The other factor,  is recoil and lift..........  Third round on FA on a M14 and your shooting the clouds.  A two round burst is controllable.  If that was FA, I don't think a two round burst is possible.  

Not being there.......... I can not say 100%.  It did not show him loading only 2 rounds in the rifle or how many rounds. .... or did I miss that?

A slam fire on a M14 would be very dangerous, if it could happen.


----------



## Crusader74 (Jul 14, 2009)

What is the Mag capacity on the M-14? 10 rd box?  

Are they still using them as a DM?


----------



## SAWMAN (Jul 14, 2009)

Irish said:


> What is the Mag capacity on the M-14? 10 rd box?
> 
> Are they still using them as a DM?



20-rounders. I doubt many are still using them with the SR-25's out now. The newer HK and POF 7.62 piston guns are even better. I'll always have a place for the old M-14, though. Kinda like a P-51 Mustang, or the Ford GT-40. Just a well-done piece of work that'll always be respected.


----------



## P. Beck (Jul 14, 2009)

His real problem is that the BATF doesn't care how it happened, they now have video evidence of one of the peasantry in possession of a machine-gun.


----------



## TheWookie (Jul 14, 2009)

My guess is that it was staged, it looked scripted to me.  I don't know if that's possible; I'm not an armorer, but it seemed odd.  

I'm not a big fan of the M-14's, but if they are well cared for and have a low round count then it's a different story.:2c:

My friends that are in tell me that they still teach DM school at Dam Neck with the DMR, which is a heavily modfied M-14.


----------



## Diamondback 2/2 (Jul 14, 2009)

AssadUSMC said:


> Broken disconnector return spring.  I had that happen on a 416 I was dialing in... Pull the trigger BOOM, release the trigger BOOM.  It's an easy fix.
> 
> And yes, REAL M14s were full-auto, though there was a semi-auto lockout key.



Common in AR's I don't know about an M14 though...


I could care less about the stupid two shot's, that guy is a retard... Buy a fucking cheak peice you dumb ass and build a solid position.
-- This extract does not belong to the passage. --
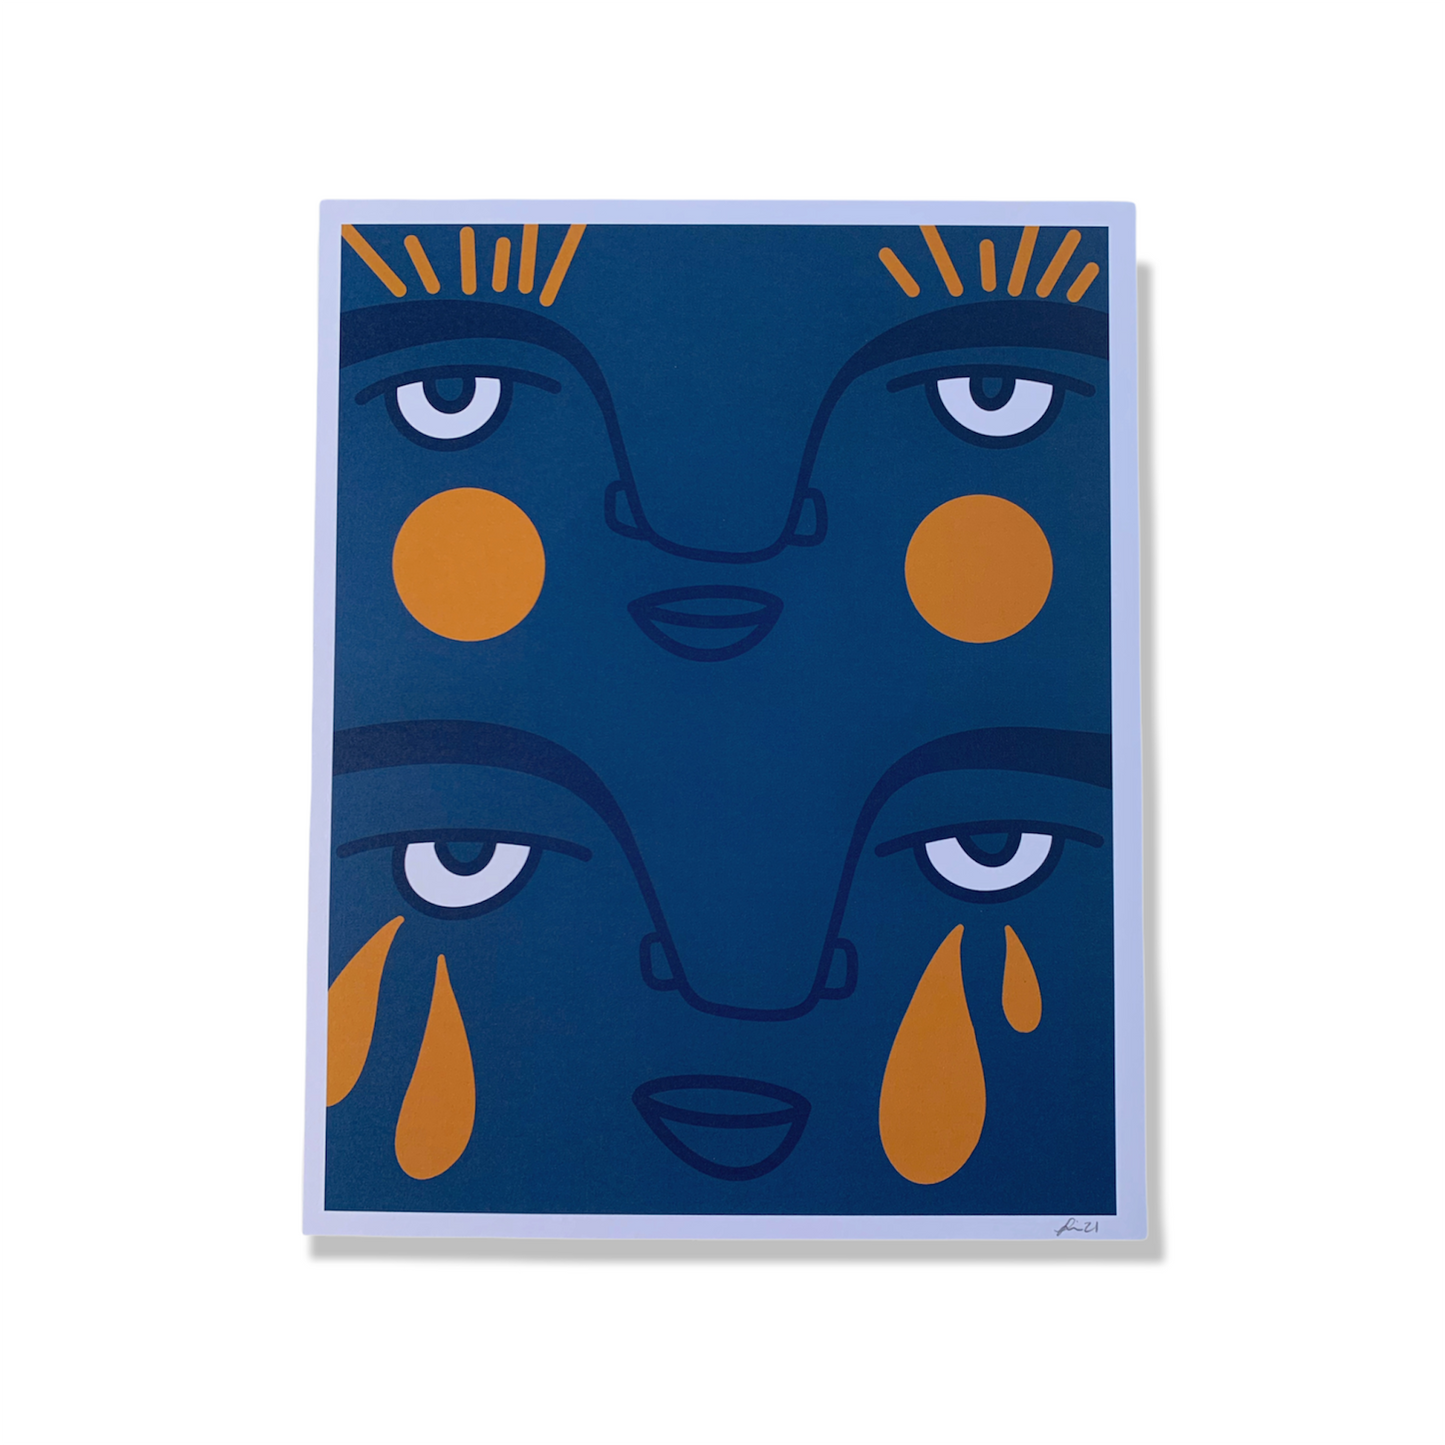 Blue and yellow abstract face art print against white blackground

People spend all kinds of money on "cool guy" guns and gear, but don't have a lick of understanding on how to use them... I now hate this man!


----------



## SAWMAN (Jul 14, 2009)

We never used the full auto option on the 14s, at least that I saw. Just too much muzzle climb. The attraction of that weapon for us was that it was 7.62, it ran beautifully in various environments, even when filthy, and it was accurate out to a good 800 yards. When I was at team 1, every man on the team was trained extensively at longer ranges, as well as typical stress course/assault rifle usage. That was a strong shooting bunch. Marksmanship was a critical factor in every single training evolution. It's harder to get that with the 5.56 weapons, even with the improved ammo.

I would have to think that a platoon of Marines in a defensive position, all slung up with their M-14s would be a hard-shooting bunch back in the day. Don't want to sound like a broken record, but I really hated to see our military move away from the 7.62 round. The 6.8 might be the next step back in the right direction, but as I understand it, the political red tape just isn't likely to allow it, no matter how much sense it really makes. 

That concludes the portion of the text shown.